Sasuke shrugged and sank into a plush blue pillow on the floor. "I just want to take nap. Wake me when we're going." He shut his eyes. Gaara stared at him.

Kankurou stood up. "Well, I'm going to check out the playing field," he said with a grin. "There's going to be a lot of opportunity to spy on the pretty girls here. I just want to scope out the choices."

"Pervert..." Naruto grumbled at him.

"Oh, so you don't want to see Sakura naked?" Both Rock Lee and Naruto went blood red. "Heh. That's what I thought. I'll be back later." He waved idly and left the room.

Neji sighed and took a seat on the couch. "What is with that guy? His mind is in the sewers." Forgetting himself, Neji looked at Gaara but the red-haired boy was not paying attention it seemed.

Shikamaru shrugged. "Who cares. He's right about one thing. Let's order room service while it's free." He picked up the phone. "What do you guys want?"

"RAMEN!"

"Something healthy. Rice cakes!"

"Waffles."

Sasuke opened his eye. "Pork dumplings"

Shikamaru looked at Gaara. "Hey! Gaara. What do you want?"

Gaara looked around the room and shrugged. "Kankurou likes meat. Get him a steak."

"I didn't ask about him. I asked about you. If he wanted food he should have stuck around."

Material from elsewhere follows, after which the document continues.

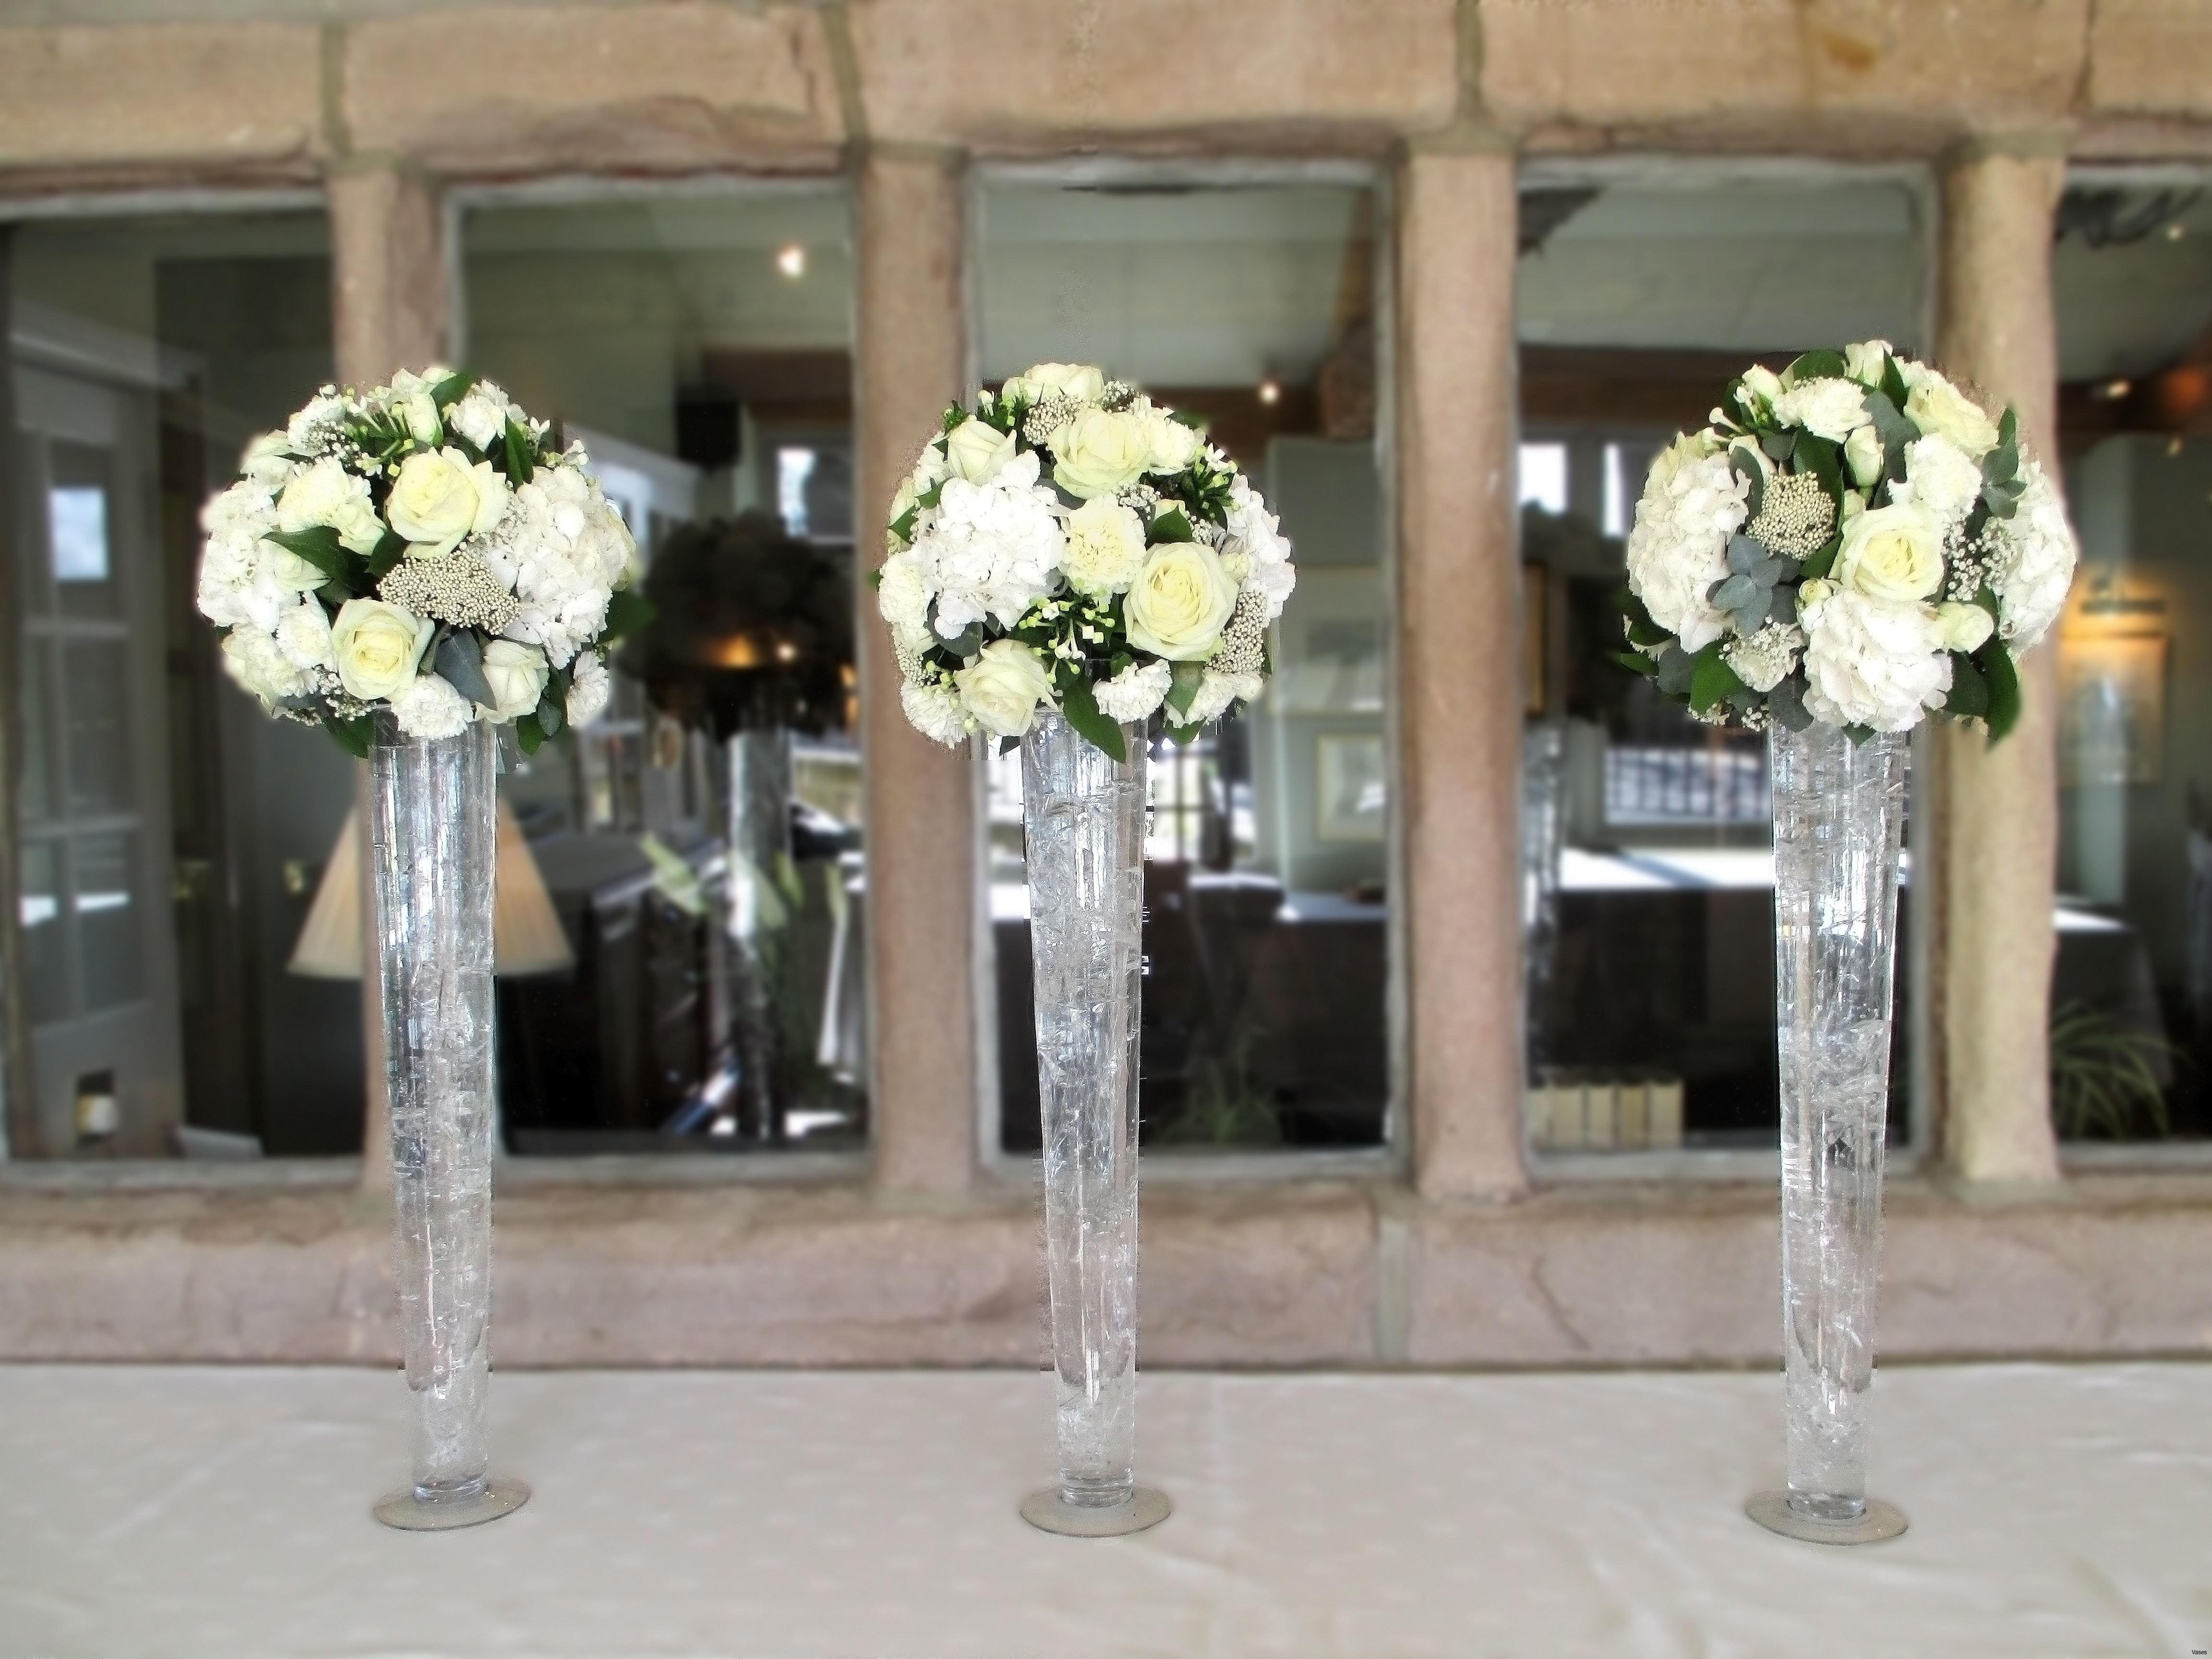 glass marble vase fillers of 14 luxury flower vase filler ideas bogekompresorturkiye com regarding decoration balls for vases vases tall floral diy centerpiecei 19d flower for wedding containers decoration

It was an odd request. Temari usually ordered for him. "Order for me."

Shikamaru sighed and placed their orders. A few minutes later, a waiter came up with a cart full of food. Hungrily, the boys dug in. Gaara stared at his food. "What the hell is this? Snot?"

"Marron Glace."

"I hate marron glace."

"Should have ordered for yourself, then,"was Shikamaru's reply as he bit into his crepe. Gaara sighed and stood from his seat but the shinobi shoved another crepe at him. "I'm not really a mean guy. But as a ninja you shouldn't leave things to others, even if it's just food."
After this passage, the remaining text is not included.